Elevating women in the workplace with a blueprint for gender equity

ATB among 19 Canadian companies that worked on special project with the UN Global Compact Network Canada

By Erika Stark 1 December 2020 4 min read

“Things are trending in the right direction" when it comes to advancing gender equality at ATB, according to Neetu Sidhu, Director, Everyday Digitization & Integration (front row, second from left). (Photo from 2019)

When it comes to the importance of gender equity in business, ATB’s Neetu Sidhu often refers to a common phrase: “You can’t be what you can’t see.”

In other words, representation matters. The more women in leadership positions at an organization, the more likely other women are to advance in their own careers, explained Sidhu, Director, Everyday Advice. She’s also a leader of the Ellevate team member network at ATB, which aims to influence the advancement of women in the workplace.

And while ATB has made great strides towards advancing gender equality—half of the board directors are women, as are 38 per cent of senior executives—Sidhu acknowledged there’s always more work to do, particularly around advancing women from entry level roles into more senior roles, as well as increasing meaningful representation of women of colour.

“Things are trending in the right direction,” she said.

Sidhu is hopeful that a recent project with the UN Global Compact Network Canada (GCNC) will help ATB—and other Canadian businesses—to continue elevating women in the workplace. Since early 2019, Sidhu and the Ellevate team have been part of a project called Gender Equality Leadership in the Canadian Private Sector. The project, which engaged 19 companies in various sectors including ATB, Nutrien, TELUS, IKEA, Starbucks and Stantec, focused on developing a blueprint for gender equality in the private sector, a resource database, and a maturity model assessment tool for businesses.

Blueprint for gender equality leadership

Since being invited to join the project, Sidhu and her colleagues worked closely with the GCNC and participating businesses to develop the guiding principles of the blueprint.

“The blueprint is essentially a guide for any company in Canada that wants to advance gender equity in the workplace,” she says. The project offered Sidhu and her team the opportunity to analyze ATB’s performance against the three pillars of the blueprint:

  • Bold and visible leadership
  • Creating an inclusive culture and work environment
  • Transparent and accountable systems

“The blueprint has reinforced to me the areas we are strong in, but it’s also highlighted to me the areas where we have work to do,” said Sidhu.

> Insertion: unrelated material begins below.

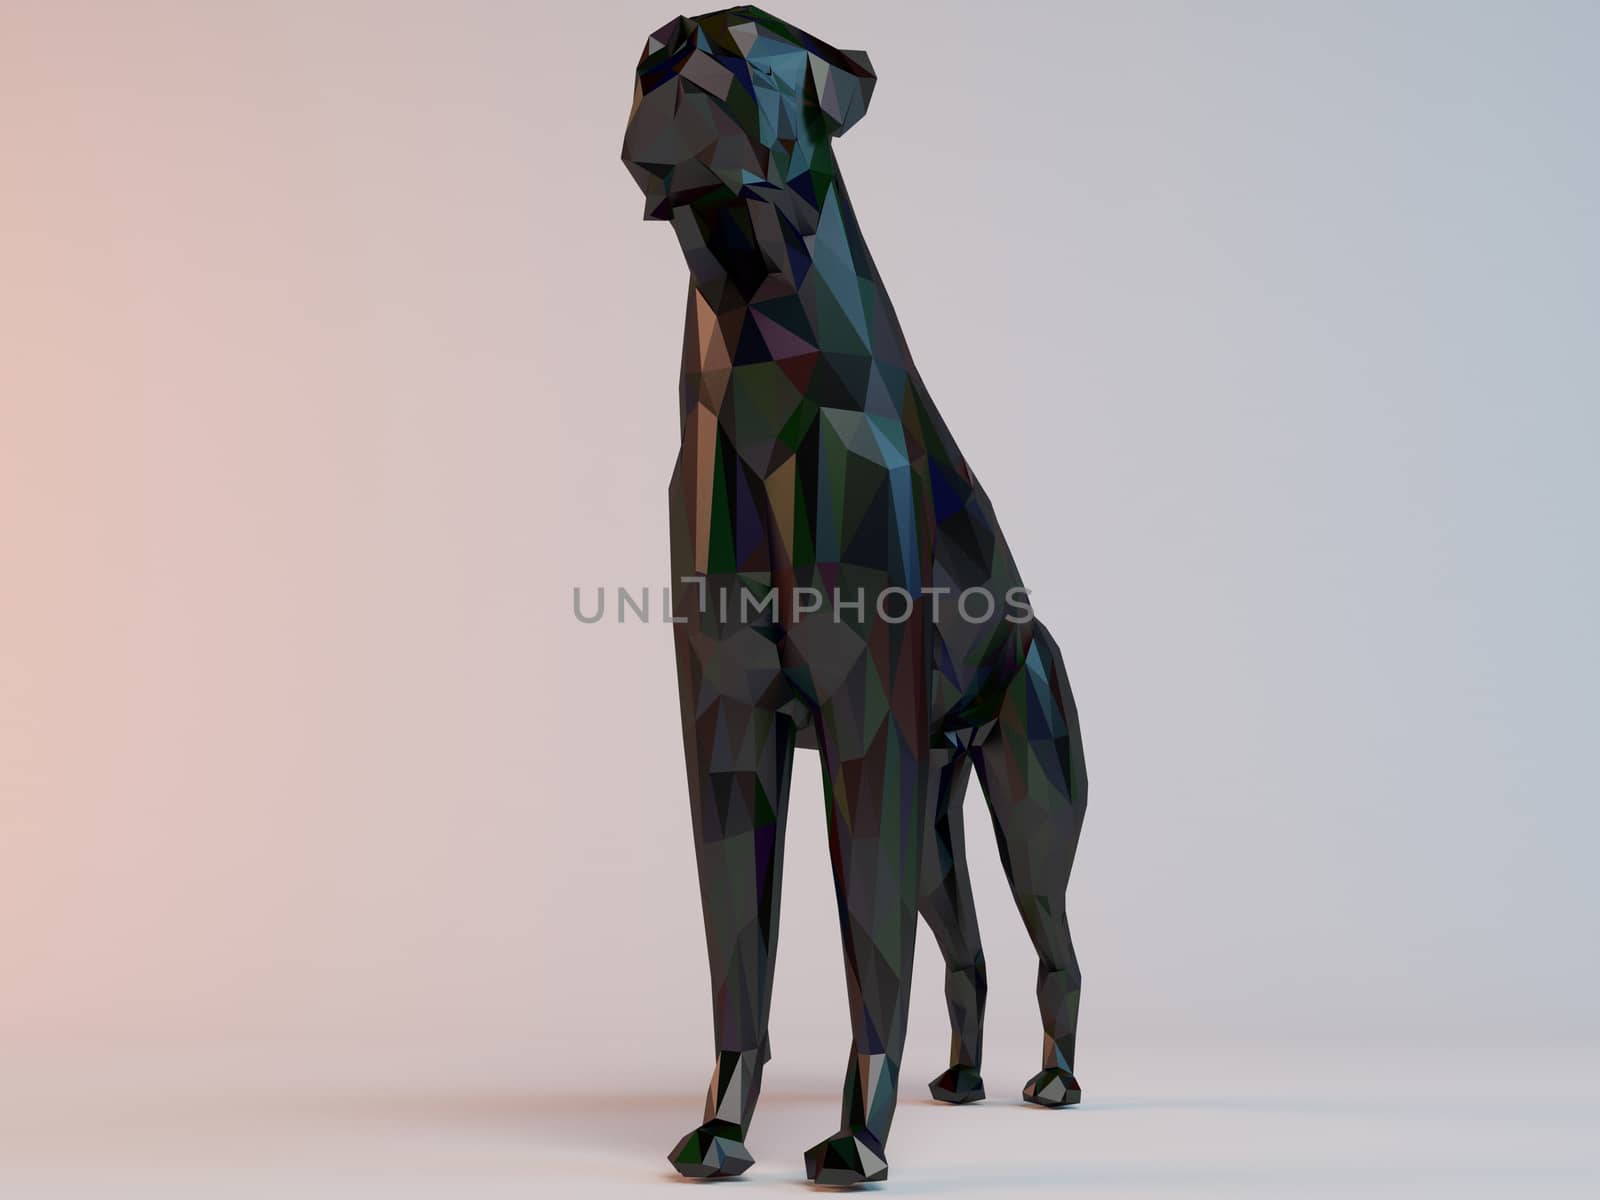 3D black low poly (dog) inside a white stage with high render quality to be used as a logo, medal, symbol, shape, emblem, icon, children story, or any other use.

One of those areas is the gathering of data and development of targets for gender equity.

“While we have bold and visible leadership at ATB, we won’t be able to make systemic change if we don’t set quantifiable targets,” Sidhu said. “You can have leadership that supports gender equity, but we need a baseline measurement and goals to advance beyond that baseline. Until we get there, we won’t be able to substantiate that we’re actually committed to driving that change.”

Having that data helps an organization to determine where the system might be creating challenges or roadblocks for women, explained Sidhu. For example, while 62% of all team members at ATB are female, 62% of positions from the director level to the senior leadership team are held by men.

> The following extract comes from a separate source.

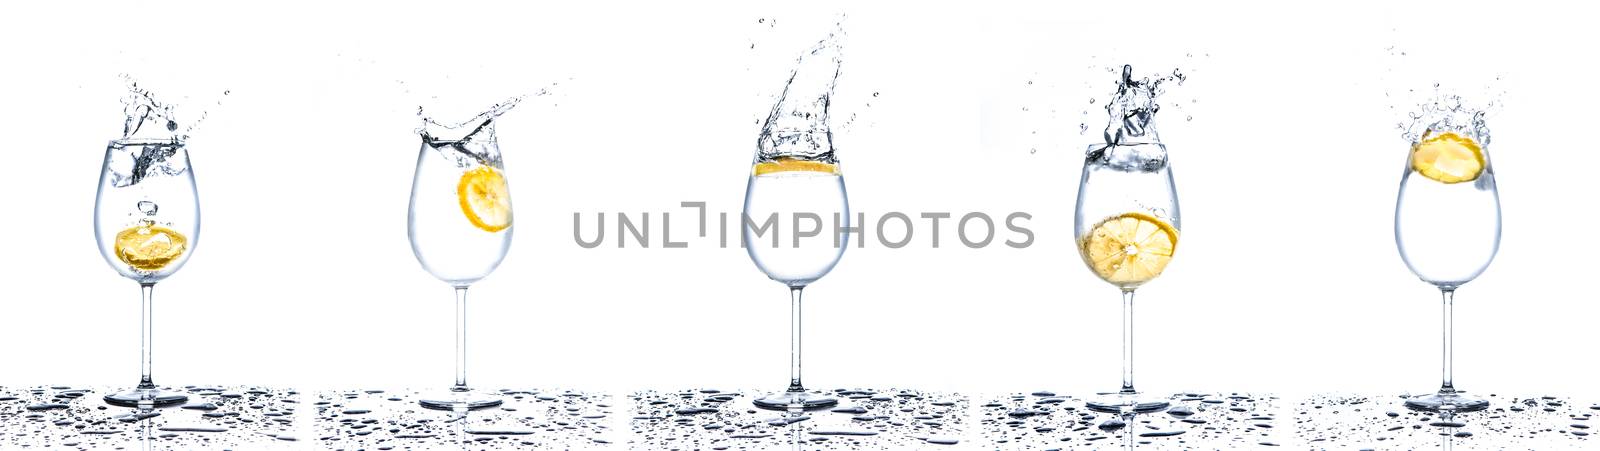 Lemon splashing into glasses of water on white background by martinm303

Creating inclusive experiences

There are a multitude of reasons to elevate women in the workplace—according to S&P Global, publicly-traded companies run by female CEOs outperform the market and the market index. But the reasons to pursue gender equality across the business go beyond the financial; diversity of thought helps ATB to provide the right kind of services, products and advice to a diverse customer base, as well as create the right environment for team members, Sidhu says.

“At ATB, we’re designing experiences that put the customer at the centre of everything we do,” she explained. “To create something that will actually resonate with a diverse customer base, it needs to be created by leaders, budget holders and designers who actually have that lived experience.”

Tara Lockyer, ATB’s Chief People Officer, agrees.

“As a purpose-driven organization, we want to contribute to equality on the social front,” she said, “so if we can create that internally, that can bleed out into the markets and communities that we’re working with.”

“Diversity comes with different experiences, and women have different experiences than their male counterparts,” Lockyer added.

From an internal perspective, Sidhu pointed again to the importance of representation when it comes to attracting and retaining top talent.

“When an accomplished and talented woman looks at a company that has consistently been ‘pale, male and stale,’ in senior leadership, she can’t see herself there,” she said. “She won’t feel that it’s a progressive and inclusive organization, or that she’ll ever be given the opportunity to rise to her full potential.”

“As we think about a talent strategy, profitability, customer experience and inclusion, it’s pivotal we recognize that gender equity isn’t just a woman’s issue,” Sidhu continued. “Left unpursued, it’s a real business risk.”

Prioritizing diversity and inclusion

To strengthen our dedication to all Albertans, ATB has committed to hiring a head of diversity and inclusion.

“The intent of the role is to identify those things that are really going to drive change in the organization,” said Lockyer. “First we have to understand where the biggest problems are and then we have to put some pragmatic execution plans in place and go for it.”